Post edited at 10:29
 yorkshireman 17 Nov 2017
In reply to JoshOvki:
I read an article a couple of years suggesting that not only can the autonomous car technology see cyclists, it could actually anticipate movement from the cyclist based on subtle changes in body language that a human would be hard pressed to see.

If the car involved here was a Vauxhall Corsa i doubt it would have been mentioned but obviously mentioning Tesla creates an inherent ‘killer robot cars on the loose’ feeling which might* be completely unjustified.

*I’m not giving Tesla a free pass here, i jus front think these kind of stories are helpful until the facts are know.
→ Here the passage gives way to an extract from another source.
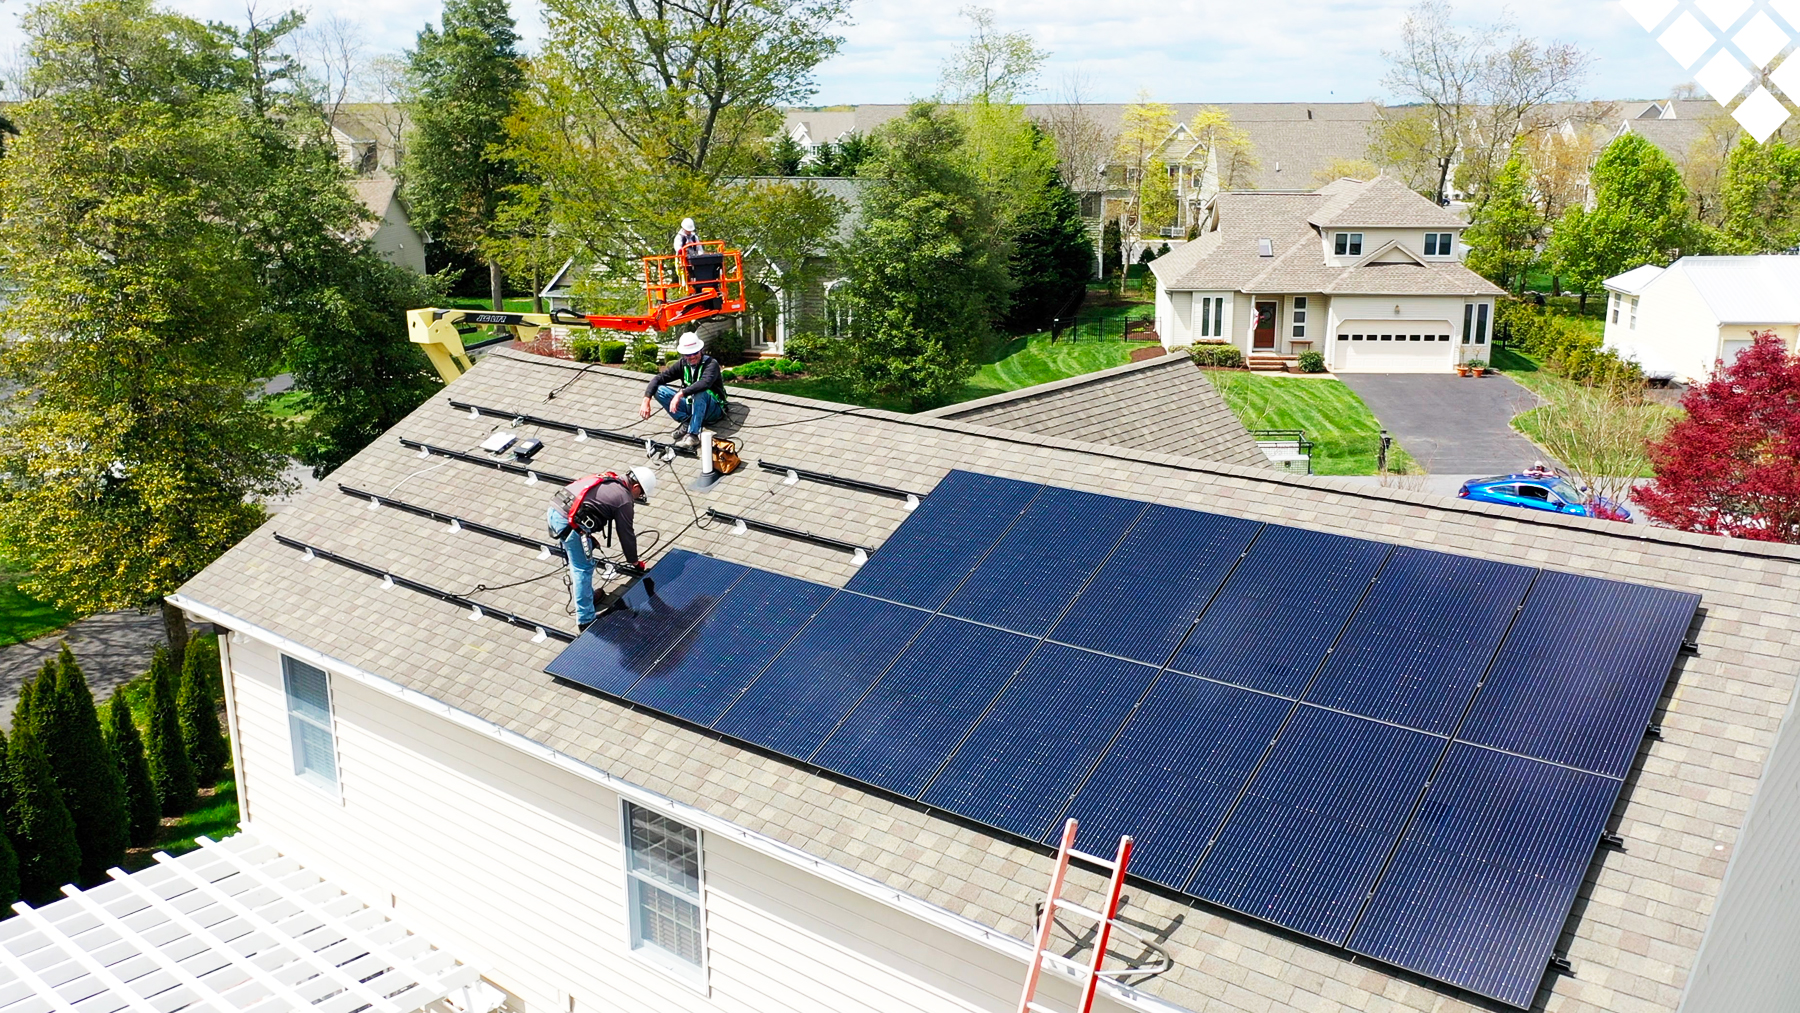 Installing solar panels on your home

The recent case in Florida where the car failed to spot a turning lorry and the driver was killed rightly flagged up some of the limitation in the current implementation of the technology and reminded people not to get too Carrie away with what they think the car can safely do.

 wintertree 17 Nov 2017
In reply to JoshOvki:

> They follow the rules of the roads (mostly)

Ironically this seems to be causing problems. It looks like self driving prototypes have an excessive number of low speed crashes where the other driver is at fault - meat bags operate away from the rules and have a baked in assumption that other cars will.
Rigid Raider 17 Nov 2017
In reply to LeeWood:

It's my belief that Britain's narrow, twisty, congested roads based on illogical meandering packhorse trails and 18th century turnpikes will defeat self-driving cars. However smart motorways are here, most cars already have the ability to follow the car in front by radar and it's only a matter of time before smart motorways are used for their proper purpose, which will be for platoons of cars a couple of feet apart, all moving at the same speed, which will double or treble the capacity of the busiest roads. You can see how platooning will work here: https://peloton-tech.com/

All the technology exists; it just needs to be joined up.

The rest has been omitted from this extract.